第4章 Sugar and Salt
【翔side】
雅紀がゆっくりと俺の心を溶かしてくれたように...俺も彼の緊張をゆっくりと解してやりたい。
『抱いてもいい?』
そう聞くと、雅紀は耳まで真っ赤にして、
「うん...お願いします...」って...
全くさ...
ホントにこの人、可愛い...
俺の中にある庇護欲が大きく膨らんで、雅紀を包み込もうとしてる。
彼を守りたい...
大切にしたい...
「あの...翔ちゃん...俺、お風呂入りたい...」
赤くなりながら目を伏せてそう言うから、
「俺が洗ってやろうか~?」
って。
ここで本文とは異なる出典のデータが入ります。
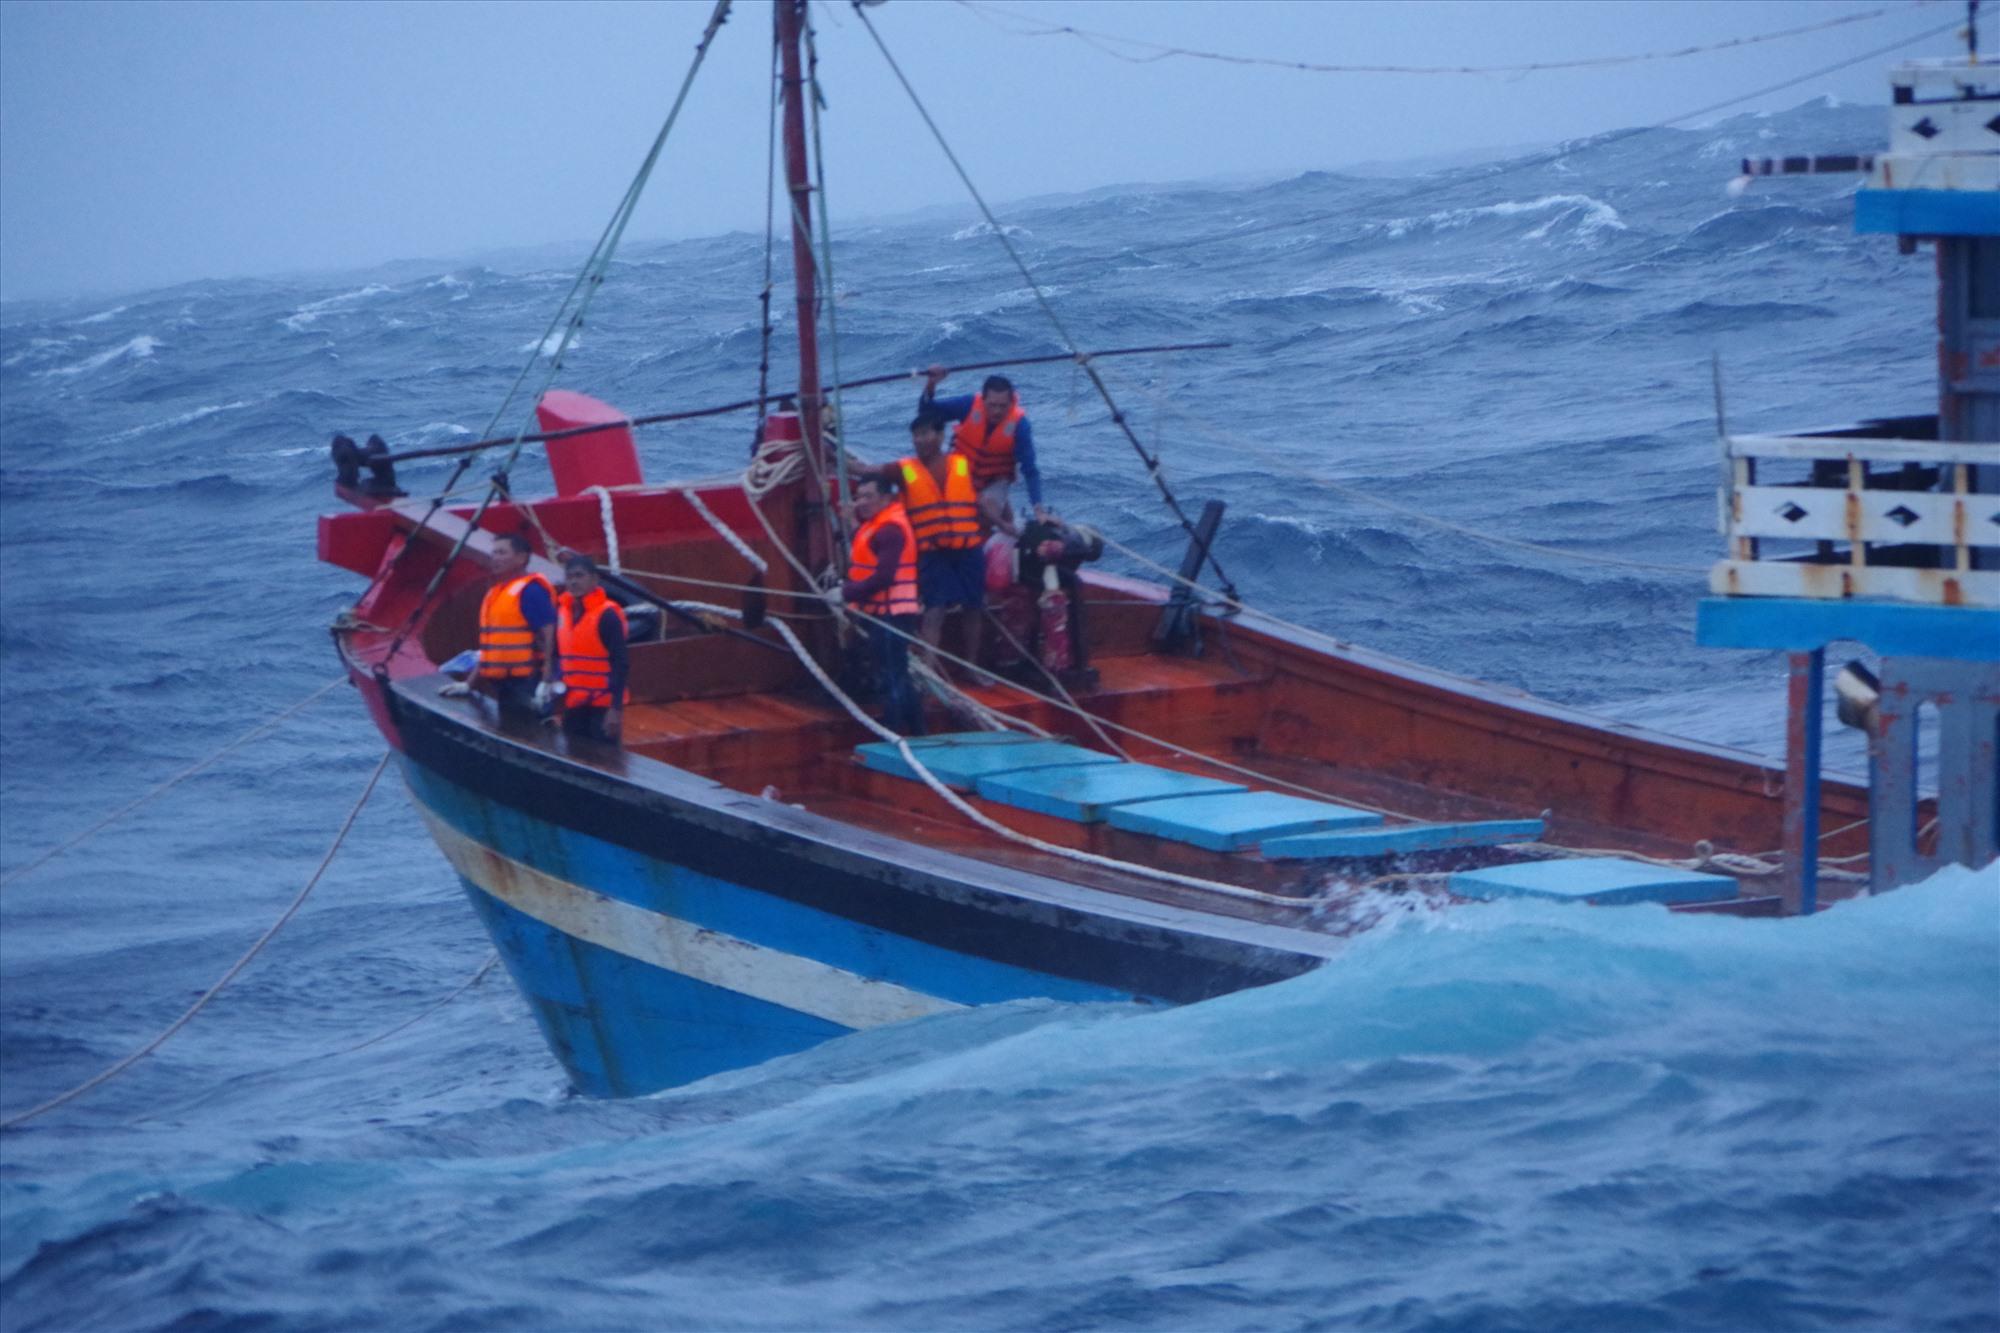 5 ngư dân trên tàu cá của Quảng Ngãi gặp nạn. Ảnh: N.T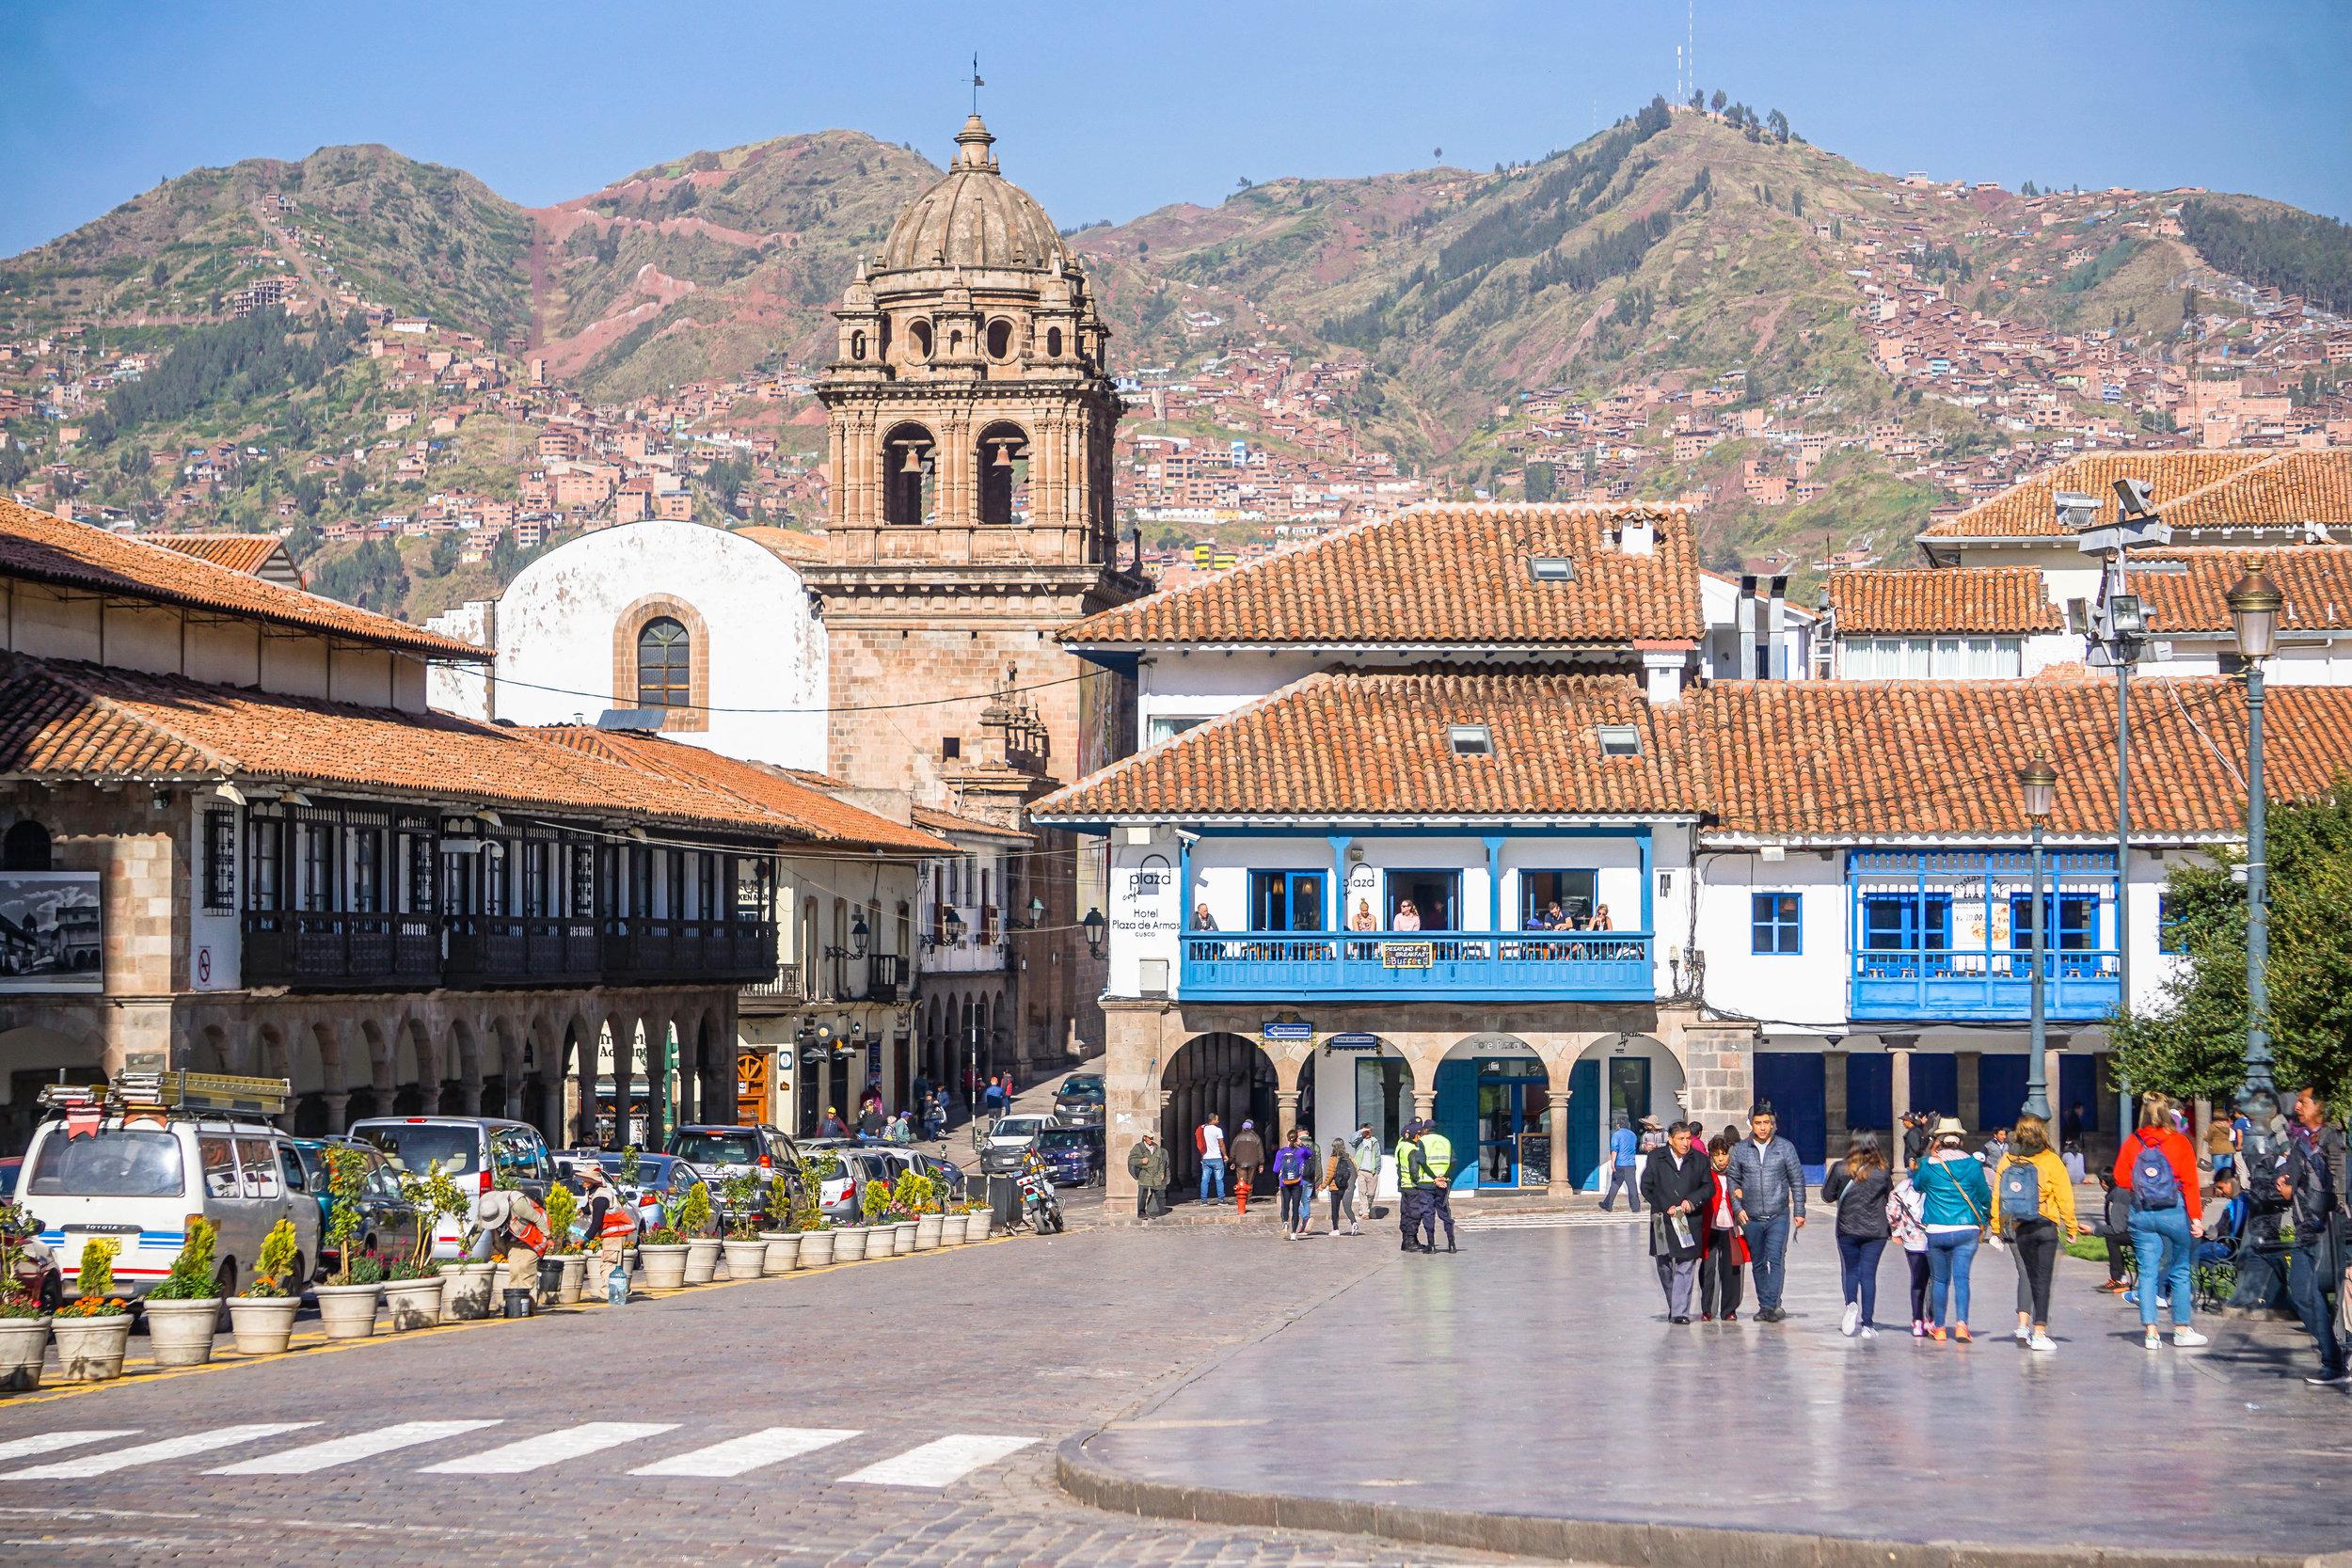 Plaza del Armas in Cusco, Peru

顔を覗き込むと、弾かれたように立ち上がって、
「いや、いいから...ちょっとシャワー借りるよ!!」
雅紀は、慌てて転がるように行ってしまった。
「ふふっ、ホントあいつ、マジでウケる...」
自然と笑みが零れた俺は、テーブルの上を簡単に片づけ、食器は食洗器にツッコんで、
寝室に、雅紀の着替えを出しに行った。
......クローゼットにある、智くんのブルーのバスローブ...
暫くそれを見つめていたけど、
別のバスローブと下着を用意して、その青を封じ込めるように、扉を閉めた。
「雅紀~...着替え、ここ置いとくよ~」
脱衣所から声を掛けと、
「え..ああ..うん..ありがと」
...どんだけテンパってんだよ、あいつ...
俺は笑いながらリビングに戻った。
程なくして、頭をガシガシ拭きながら雅紀が出てきた。
「じゃあ、俺も入ってくるわ~...待っててね❤」
そう言いながら、彼の股間をするっと撫でると、
雅紀は『あっ』と小さく言って、身悶えるように身体を折った。
......おもろ、こいつ...
何だか久々に感じるワクワク感に、自分でも笑いながら、シャワーを済ませた。
雅紀が待ってるリビングに戻ると、深夜番組を正座しながら観ていて...
思わず笑っちゃうと、
「あっ、翔ちゃん、お帰り~。早かったね♪」
その不自然なほどの『通常感』を演出してる彼に、俺は本気で笑い出した。
「何??なんで?どうして?何がおかしいの??」
慌てたように立ち上がった雅紀の手を握って、
リモコンでテレビを消した俺は、
「行こうか...」
と雅紀を見つめた。
ゴクリッ...と、雅紀の喉が鳴った。